Bugs with torchvision.transforms.ToPILImage()?

Boyu_Zhang · September 28, 2018, 8:31am

Hi, I was trying to convert an image of tensor into PILImage and then convert it back around by using the following code. But finally, I found the image’s values were modified after the operation tfs.Compose([tfs.ToPILImage(), tfs.ToTensor()]).

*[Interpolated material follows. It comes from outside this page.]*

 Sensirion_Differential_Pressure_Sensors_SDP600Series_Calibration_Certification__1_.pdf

Is this a bug in torchvision.transforms.ToPILImage() ? Thank you.

from skimage import io, color
from torchvision import transforms as tfs
import numpy as np
import torch


file = 'path/to/image.png'
img = color.rgb2ycbcr(io.imread(file)) / 255
(rows, cols, channel) = img.shape
img_y, img_cb, img_cr = np.split(img, indices_or_sections=channel, axis=2)
tensor_y = torch.from_numpy(img_y).float().view(1, rows, cols)

trans = tfs.Compose([tfs.ToPILImage(), tfs.ToTensor()])
preds = trans(tensor_y)

print((tensor_y.data.numpy()==preds.data.numpy()).all())  # return False

ptrblck · September 28, 2018, 1:46pm

I think you are just losing the accuracy due to quantization.
If you transform your FloatTensor to a PIL.Image, it will be scaled to [0, 255] in uint8 type.
This will already quantize your values, as you cannot map all floating values in [0, 1] to a ByteTensor.
The reverse (ToTensor()) thus yields a FloatTensor with these already quantized values.

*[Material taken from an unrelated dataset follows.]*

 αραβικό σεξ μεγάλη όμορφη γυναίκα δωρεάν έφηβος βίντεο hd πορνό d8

lrningml · September 28, 2018, 7:21pm

Just ran into the same thing, what’s a good way to view a tensor as an image without the quantization?

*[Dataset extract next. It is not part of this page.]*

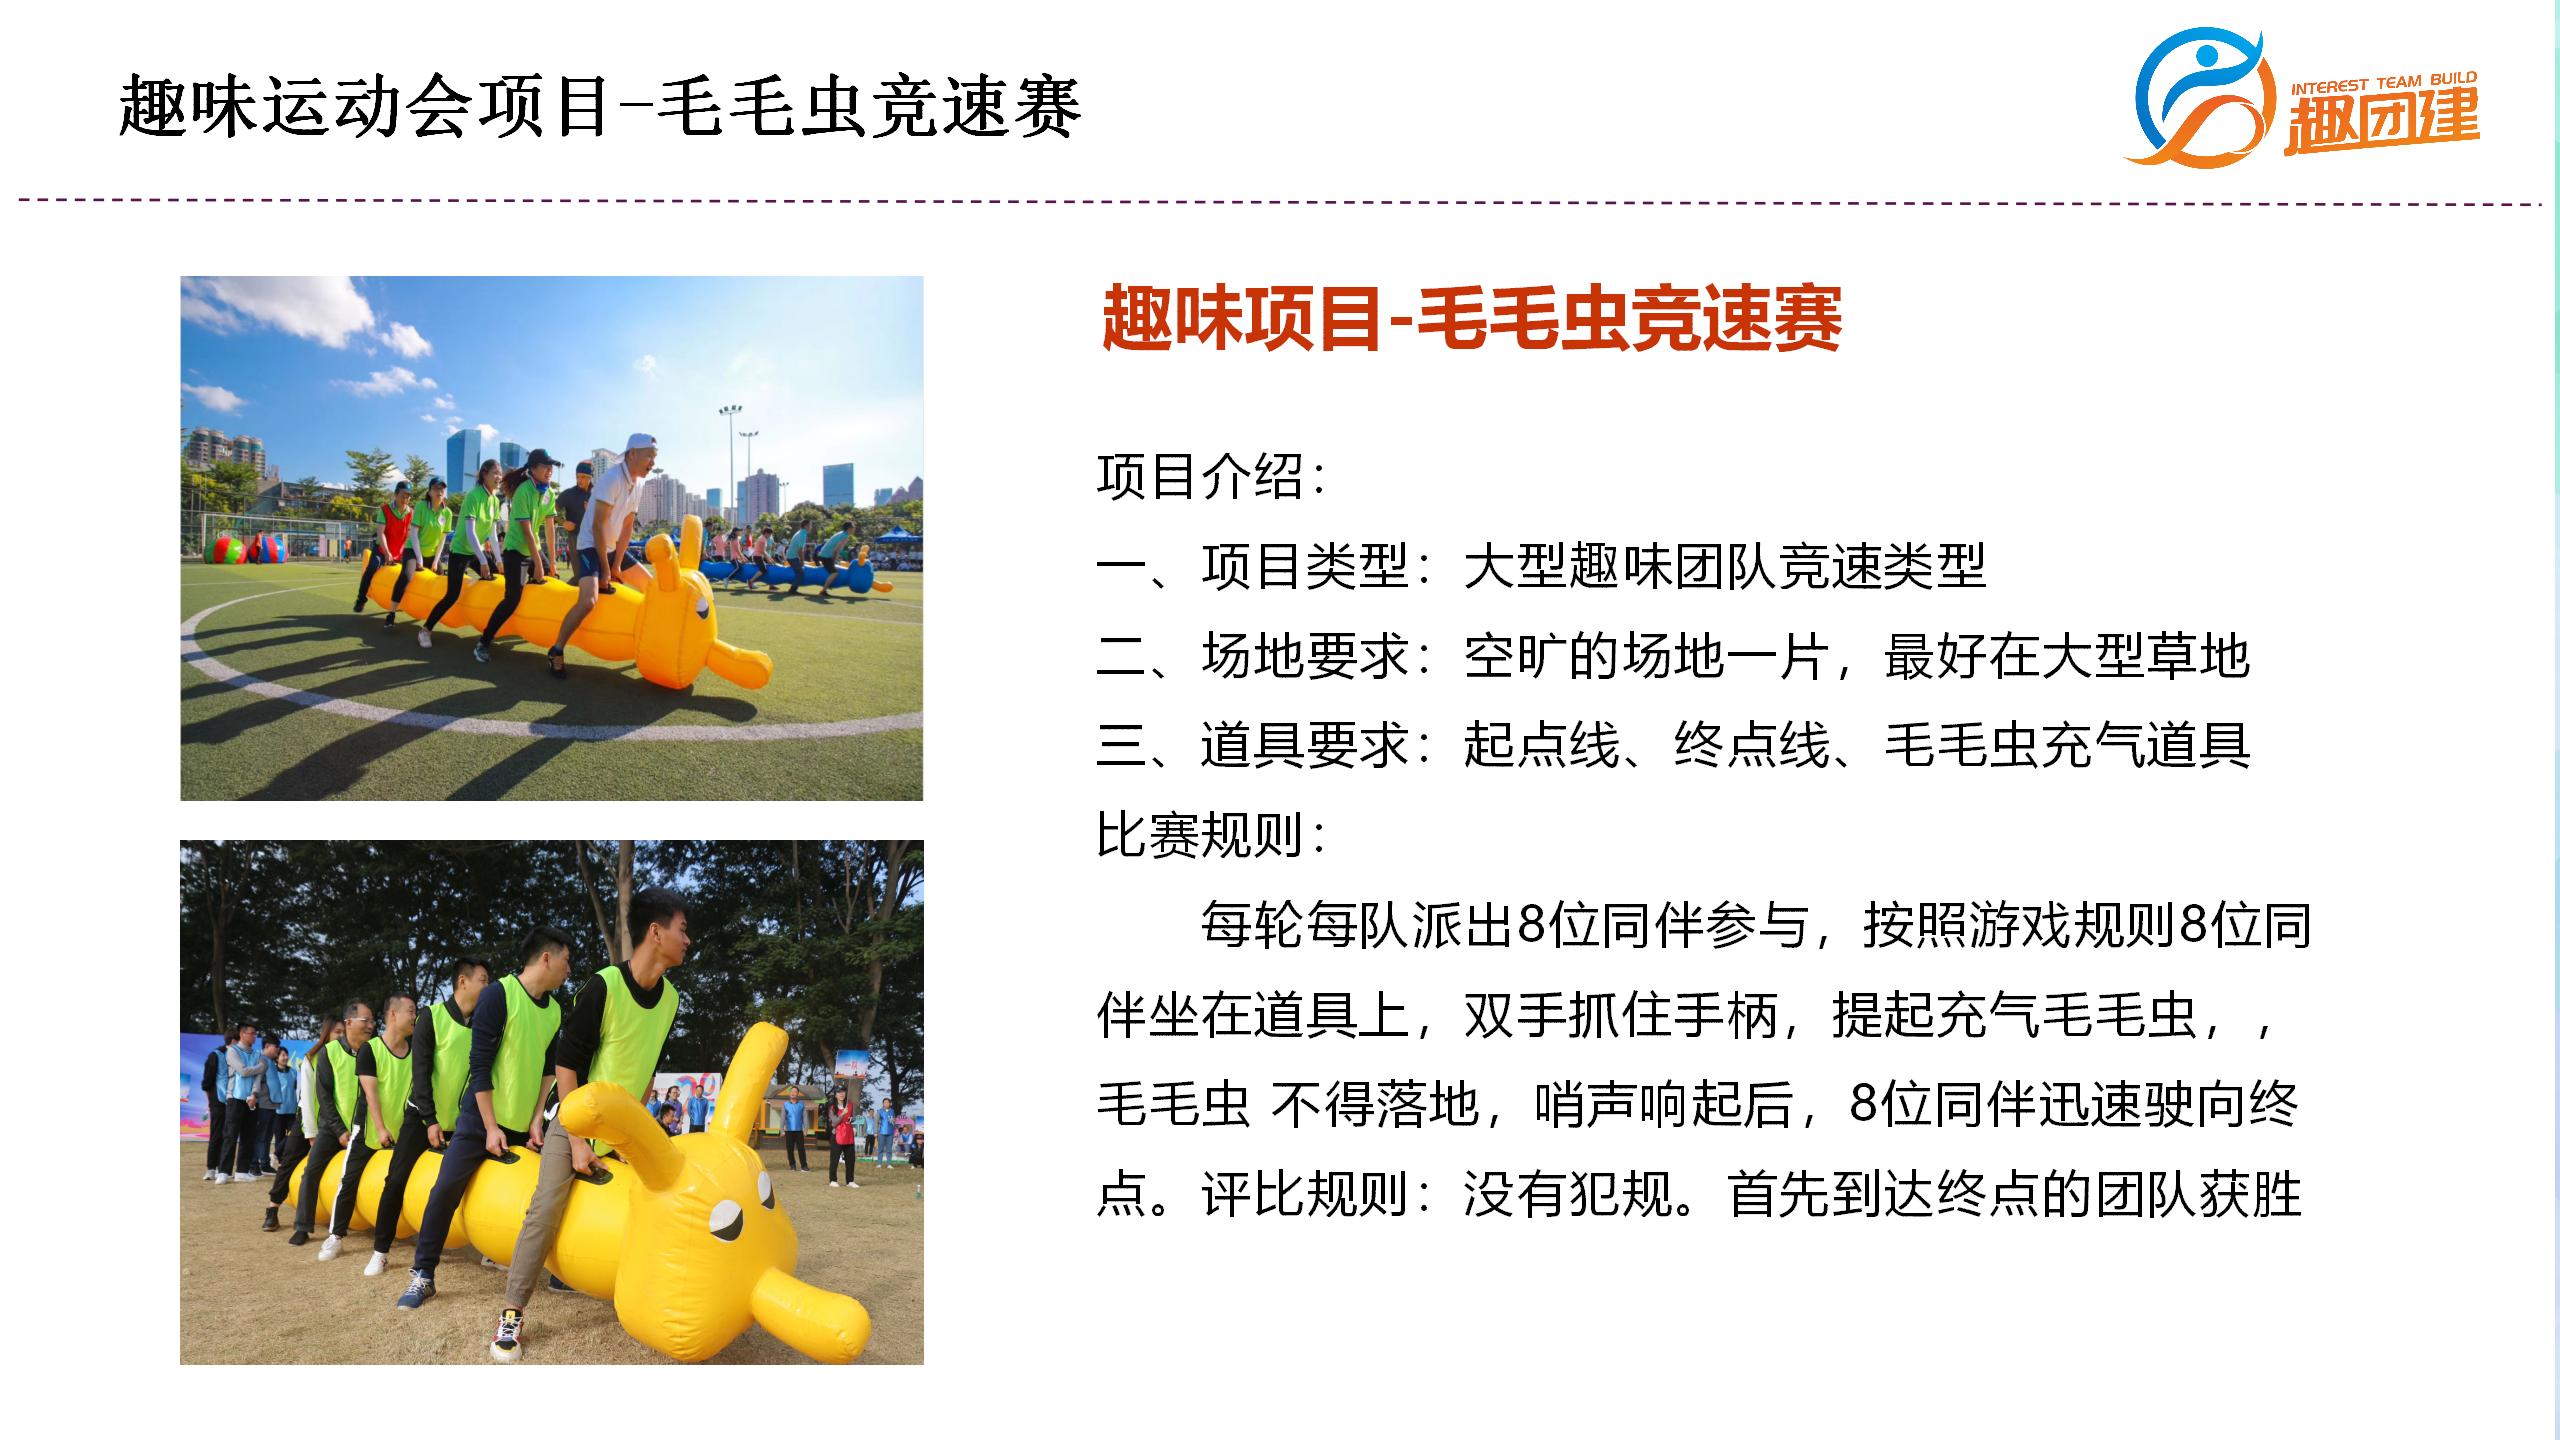 毛毛虫竞速赛-深圳企业趣味运动会拓展活动项目

Boyu_Zhang · September 29, 2018, 4:08am

Thanks for your answer. I’ve looked into the function to_pil_image(pic, mode=None) and found it explicitly converts a FloatTensor to [0, 255] in uint8 type. I’m just wondering can we keep the type as float so that there won’t be a precision loss?

Boyu_Zhang · September 29, 2018, 4:12am

Currently, I just convert the tensor into numpy.ndarray and visualize it through matplotlib, or implement some other image transformations to ensure the precision. After that, I convert it back to torch.Tenosr.

monster · November 18, 2020, 12:16pm

My problem is similar, currently I am using this for augmentation.

augmentations = transforms.Compose([
    transforms.ToPILImage(),
    transforms.RandomHorizontalFlip(0.5),
    transforms.ColorJitter(saturation=0.5),
    transforms.ToTensor(),
    utils.normalize_transform(),
])

so should I remove " transforms.ToTensor()" ?

ptrblck · November 19, 2020, 7:40am

I don’t think the ToTensor transformation is problematic, but the transformation to a uint8 image in ToPILImage() if your use case fits my previous description.
How did you create these floating point images and what do the values represent?